Pumani’s landscapes may be vastly different to Riley’s, but they also reflect the importance and beauty of the landscape around her, the landscape for which she cares as a custodian.
Recently, a friend recounted her experience in front of an Indigenous landscape, at Bendigo Art Gallery. Having watched the work for quite some time, having followed the flows and marks of the artist, she reflected on her pleasure in better viewing and understanding Indigenous landscape, and to better see it from the artist’s perspective.

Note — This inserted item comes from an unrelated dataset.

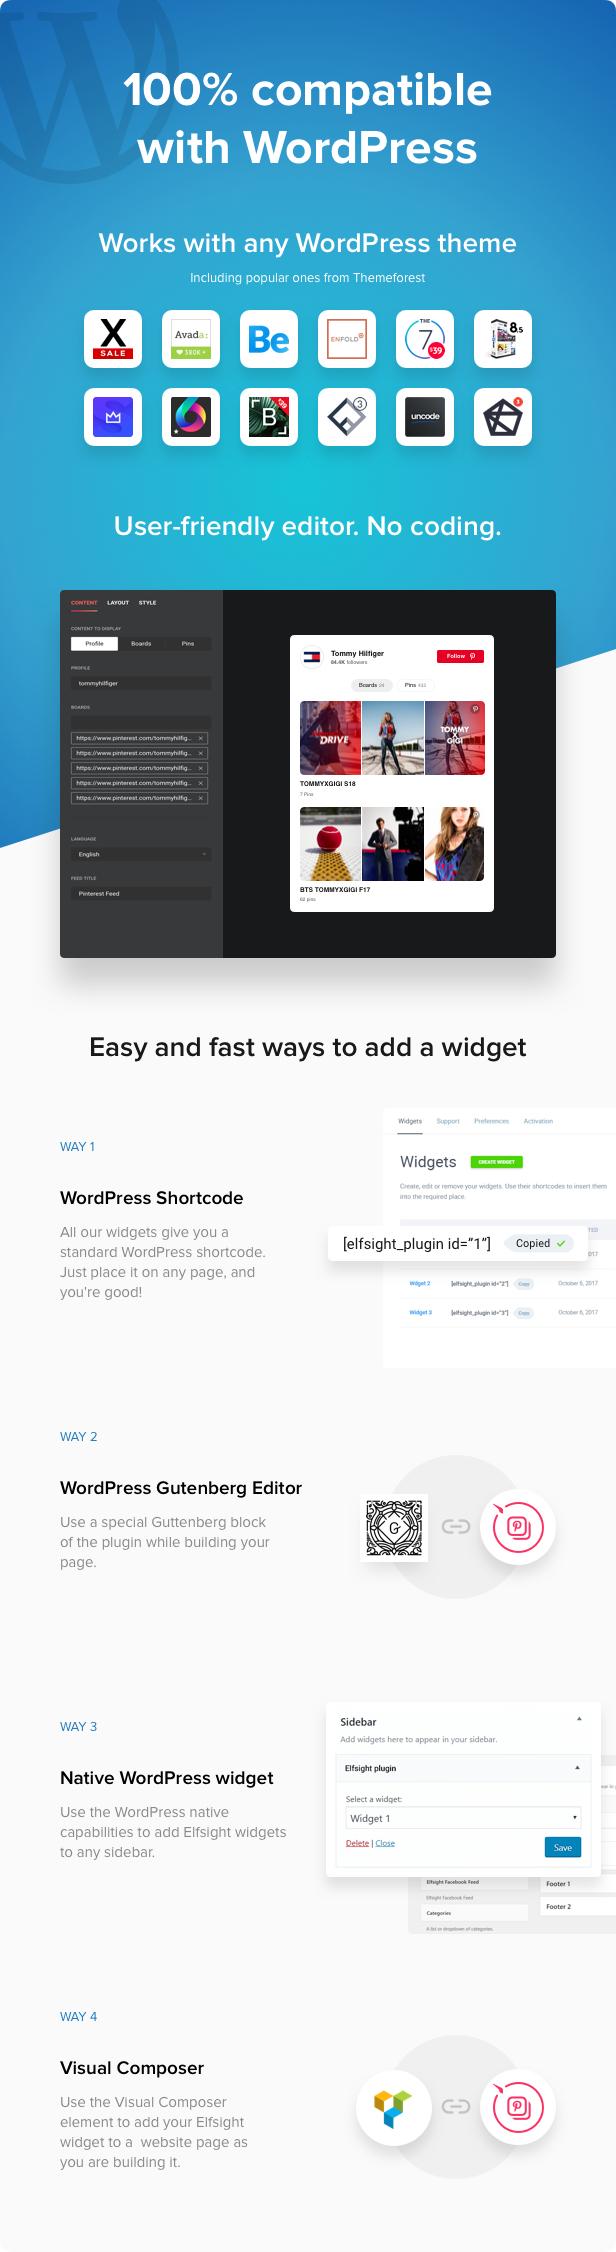 pinterest-feed-description-wordpress-support.jpg

It took time, and a preparedness to watch and look, but maybe her changed experience was in seeing contemporary Indigenous art as integral to a more reflective understanding and interrogation of Australian art.
Author's postscript:
My reflection suggests that there is a strong argument to consider different, Indigenous perspectives on landscape. And, this suggestion has also applied to my sense of being in and on country, in southern Australia, encompassing a new and different landscape. I recall the first few times I visited CAM, and to be honest, I was initially a little underwhelmed at the focus on powerful person’s portraits and traditional Australian landscapes of the 19th and early-mid 20th centuries, in comparison to my lived experience of the powerful colour, design and perspective of works relating to land across northern Australia. The longer I live in southern Australia, my appreciation of those landscapes changes, as I feel more connected to where we have chosen to live. This central Victorian Dja Dja Wurrung landscape we all live in has beauty of its own, and it plays a strong and important role in our sense of being and place. I am really enjoying modern and contemporary perspectives on this landscape, and enjoying relating to those perspectives that often previously underwhelmed me.
I cannot deny however, the excitement that also occurs on seeing that red sand of Central Australia again, or watching the gentle sway of pandanus along Top End wetlands and escarpment creek lines, and seeing new works from established and emerging Indigenous artists.